Hospitals underscored their push for greater federal financial support this week with a new report highlighting a 17.5% increase in hospital expenses from 2019 to 2022 that more than doubled the period’s 7.5% rise in Medicare reimbursement.
Published Thursday, the American Hospital Association’s (AHA's) latest numbers outlined a 20.8% increase in hospitals’ labor costs from 2019 through 2022 driven by a 258% spike in contract labor expenses.
Labor represents nearly half of a hospital’s operating expenses and has become a key issue for the industry amid widespread shortages.
Still, AHA wrote that hospitals were being hammered on all sides with commensurate increases in drug expenses per patient (19.7%) and supply expenses per patient (18.5%) along with purchased service expenses (18%) during the four-year period.
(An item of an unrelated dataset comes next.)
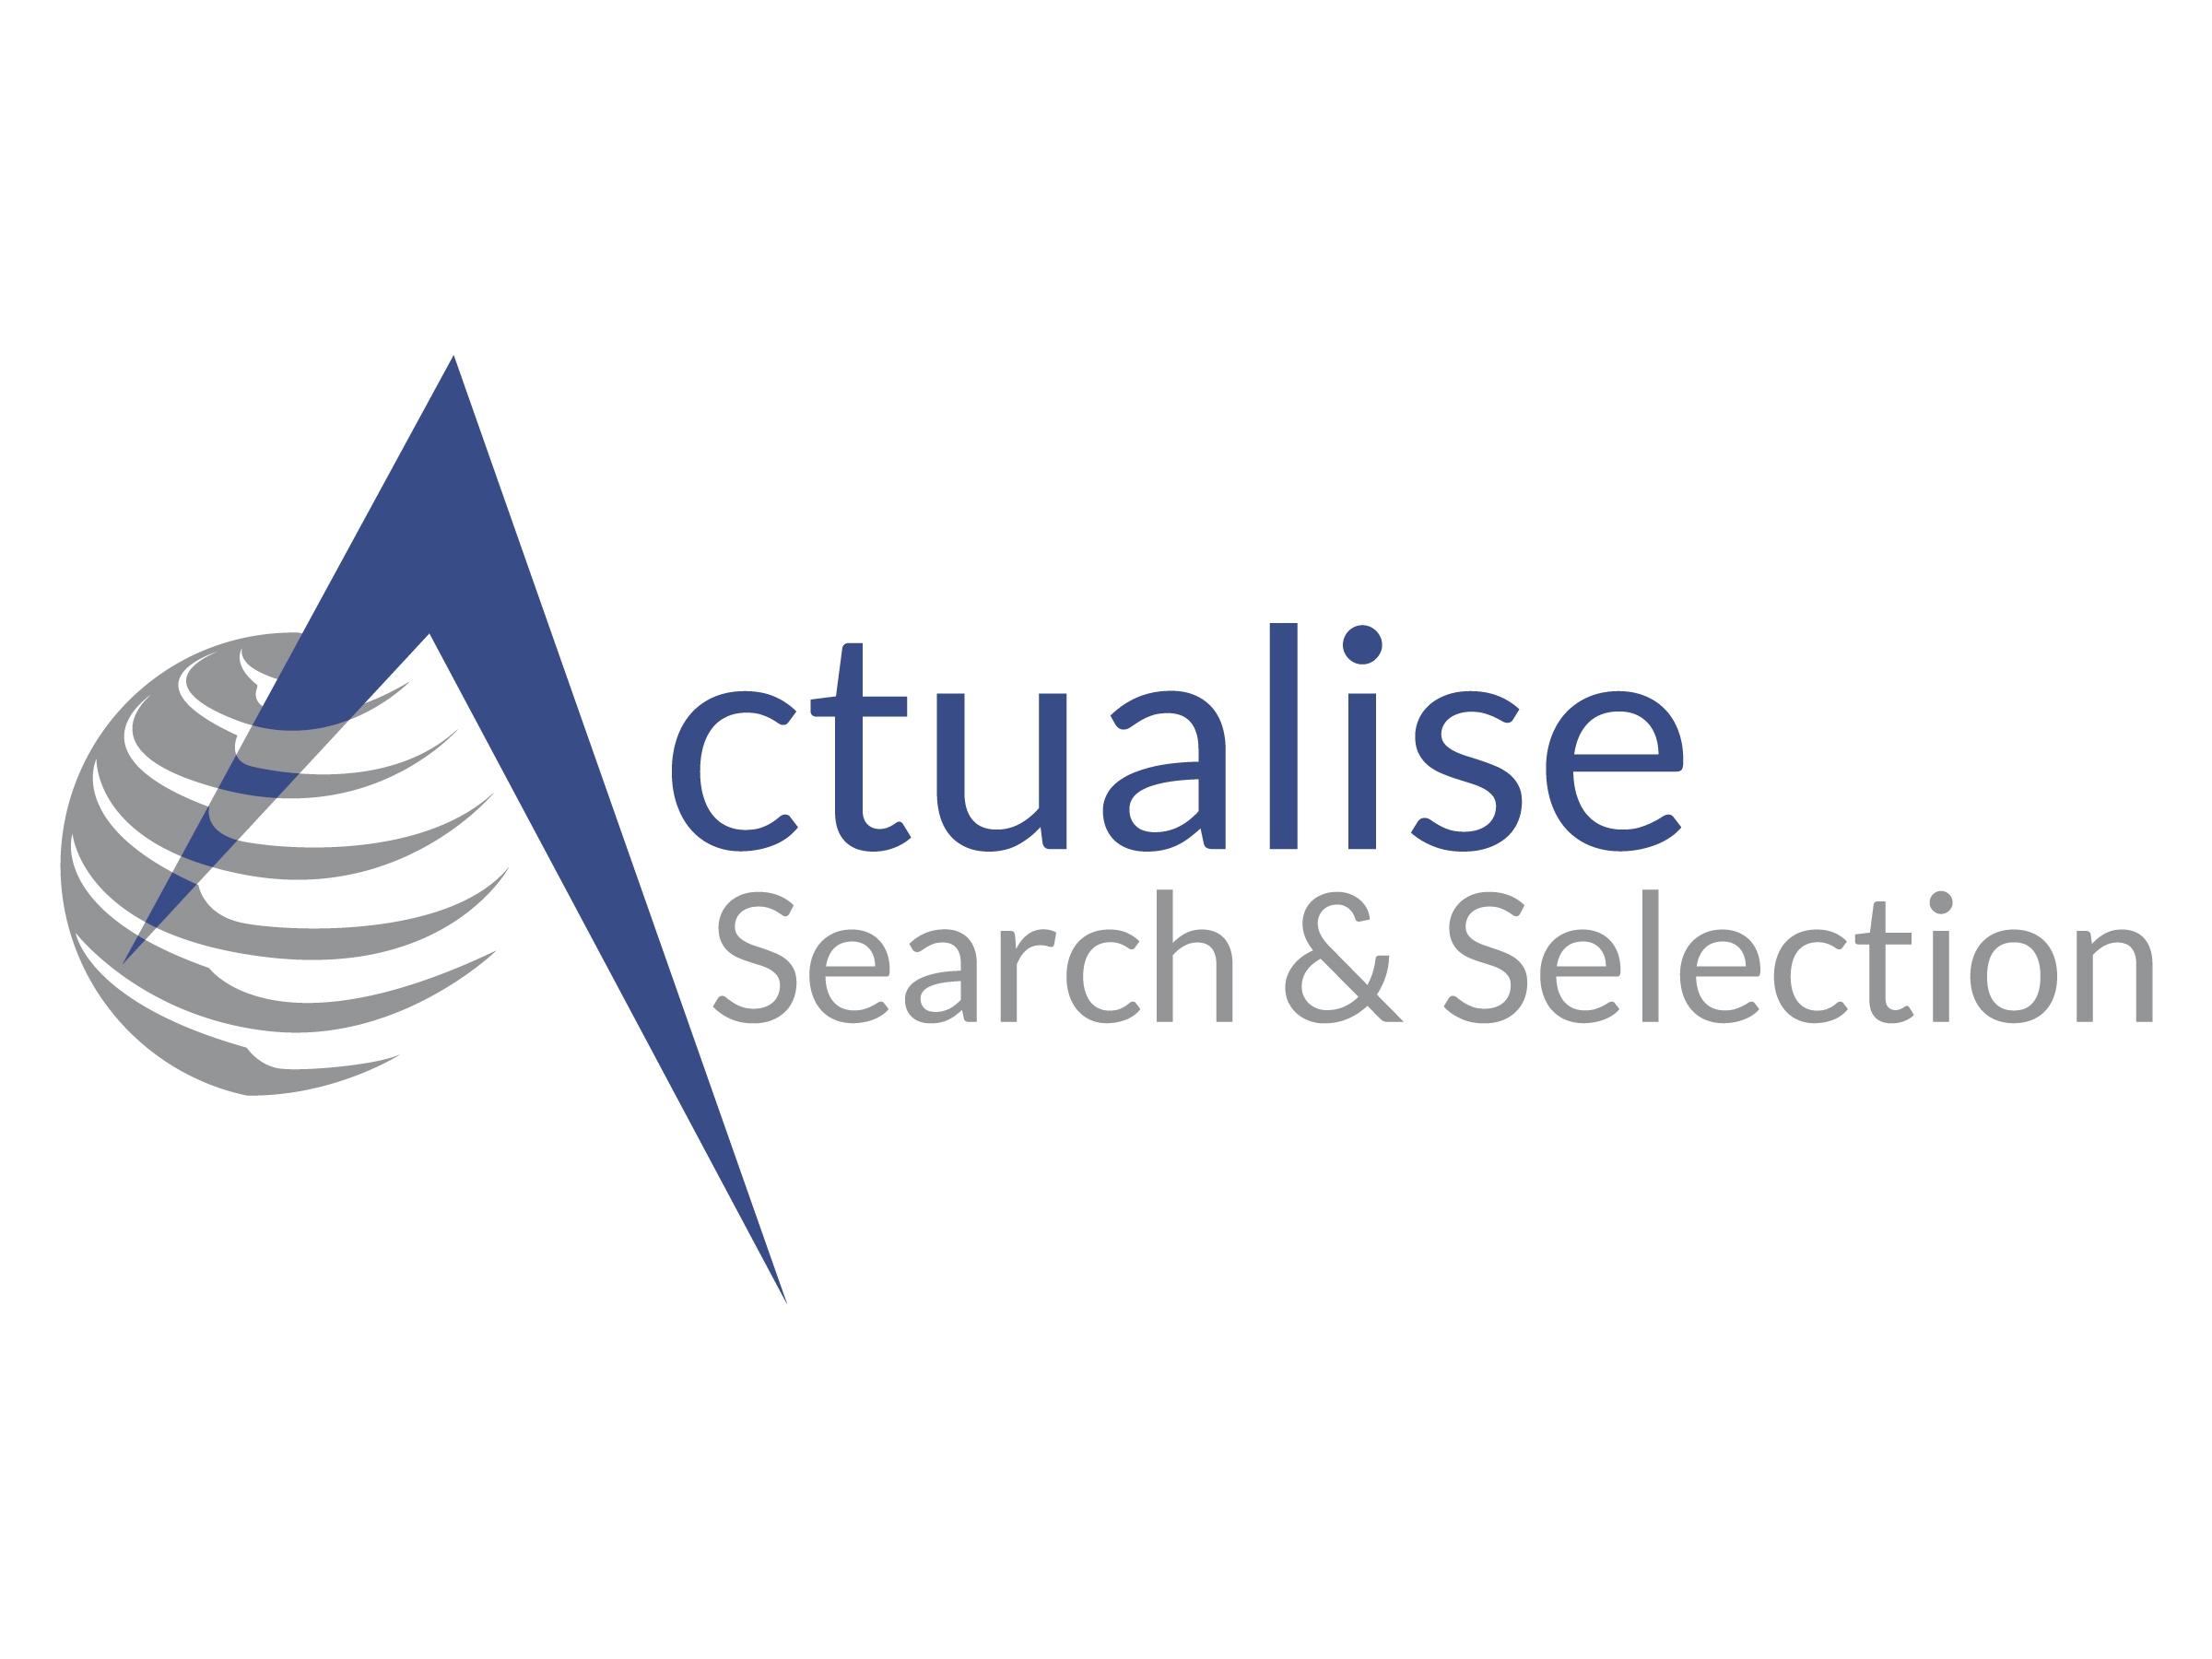 ACTUALISE Search & Selection

“Rising costs for drugs, supplies and labor coupled with sicker patients, longer hospital stays and government reimbursement rates that do not come close to covering the costs of caring for patients have created a dire situation for hospitals and health systems,” AHA President and CEO Rick Pollack said in a release.
The group also took a swing at “burdensome insurer policies,” such as “unnecessary” prior authorizations, as a source of increased administrative costs and a driver of clinician burnout. Citing a survey conducted on behalf of the AHA by Morning Consult, the group said that almost three-quarters of nurses reported increased insurer-required administrative tasks during the previous five years and almost 9 in 10 said it had negatively impacted patient clinical outcomes.
Looking ahead, AHA highlighted the upcoming conclusion to the public health emergency’s various waivers and flexibilities—particularly the disenrollment of millions of current Medicaid beneficiaries—as another area of concern for hospitals.
“Undoubtedly, these coverage losses will drive higher rates of uninsured and underinsured individuals, raising hospitals’ uncompensated care costs and potentially negatively impacting disproportionate share payments as well as 340B program eligibility, both of which allow hospitals to offset some of the expense increases as well as furnish programs and services critical to patients,” AHA wrote in the report.
“Further, the ending of regulatory relief through the 20% Medicare inpatient prospective payment system add-on payment for beneficiaries diagnosed with COVID-19 to offset the cost of highly complex care for these patients, will certainly add financial pressure to an already fragile situation for hospitals and health systems," the organization wrote.
AHA paired its latest warnings with a reiterated list of policy asks Congress should prioritize to “ensure hospitals have the ability to continue taking care of the sick and injured.” These included:
- Enacting new policies to bolster the workforce and the clinician training pipeline
- Rejecting Medicare and Medicaid pay cuts to hospitals
- Establishing temporary per diem payments to address patient discharge backlogs
- Pressuring the Centers for Medicare & Medicaid Services to make retrospective adjustments to the FY2022 market basket update
- Creating a “metropolitan anchor hospital” designation for facilities serving marginalized communities
“This is not just a financial problem, it is an access problem,” Pollack said. “When healthcare providers cannot afford the tools and teams they need to care for patients, they will be forced to make hard choices and the people who will be impacted the most are patients. We can’t let that happen. Congress and others must act to preserve the care our nation needs and depends on.”